# Help installing Momo Steering Wheel & Hub to 2004 MKIV Golf R32



## Rbot32 (Feb 2, 2006)

*Help installing Momo Steering Wheel & Hub to 2004 MKIV Golf R32 (or any MKIV Golf/GTI)*

Hey.
Anybody have experience installing a Momo Steering Wheel & Hub Adapter to a 2004 MKIV Golf R32? Or any MKIV Golf/GTI for that matter? I assume the process for all MKIV makes is basically the same.
Any help would be appreciated, but for sure I would like the following information if anybody has it.
1) How to physically remove stock steering wheel correctly and possibly the installation process of a Momo steering wheel and hub adapter.
2) How to correctly connect and make the horn button on Momo steering wheel work.
3) How to correctly connect the supplied resistor with Momo hub (8015) to the air bag connector so it can "trick" the air bag light not to turn on.
As I understand it, there are no instructions on how to do this even though Momo sells and supplies parts to accomplish the above.
Any recommendations for any tuner shops around NorCal SF Bay Area who may know how to do this?
Please help, anybody. Thanx.

_Modified by Rbot32 at 12:21 PM 2-16-2007_


_Modified by Rbot32 at 12:23 PM 2-16-2007_


----------



## gehr (Jan 28, 2004)

*Re: Help installing Momo Steering Wheel & Hub to 2004 MKIV Golf R32 (Rbot32)*

http://forums.vwvortex.com/zerothread?id=764870

Does the 8015 hub come with the resistor??!! And how much and where did you get it!


----------



## Rbot32 (Feb 2, 2006)

*Re: Help installing Momo Steering Wheel & Hub to 2004 MKIV Golf R32 (gehr)*

Yes, the 8015 does appear to come with "resistor". I don't know if that's the proper term for this part.
If I've identified the part correctly, it looks like a fuse you find on the side fuse panel behind driverside dash, but 2 wires are connected to it. One on each end of the "fuse".
I can take a picture of it and send to you if you want. Just give me your email or email me at [email protected]


----------



## tomjv (Jun 15, 2001)

*momo wheel*

can you pls post your procedure and outcome here?
I just ordered a momo wheel for my 2000 VR and can't find a part# for the hub.
TomJV


----------



## Killathrilla (Sep 21, 2011)

Momo #8017 is what you want (revision of the 8015 i think)

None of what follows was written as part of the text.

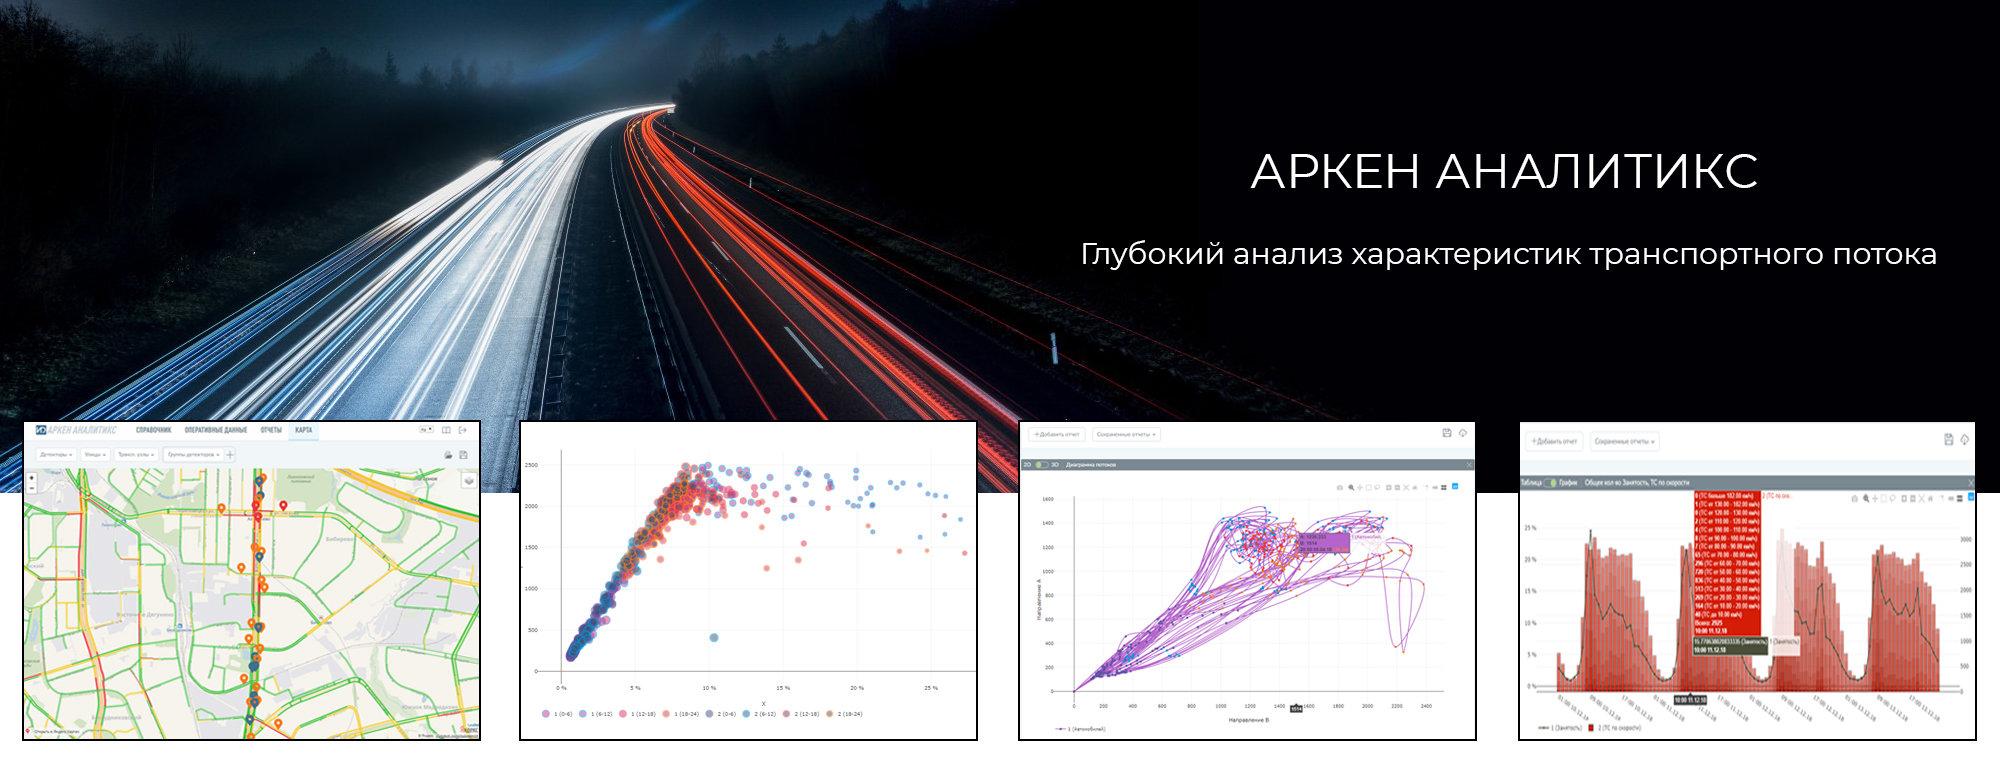 аркен-аналитикс-баннер

Link to my write up on the hub. - http://forums.vwvortex.com/showthread.php?6011930-MOMO-8017-Steering-Hub-Detailed-Pictures

Easy install, remove oem wheel, bolt up the momo hub. Stick the "resistor" into the airbag wires.
Wire your horn (easy) and bolt up a wheel! lol

[8017 comes with all the wiring and allows you to keep the clock spring installed which is awesome.]


----------



## tomjv (Jun 15, 2001)

*momo adapter*

great thanks!


----------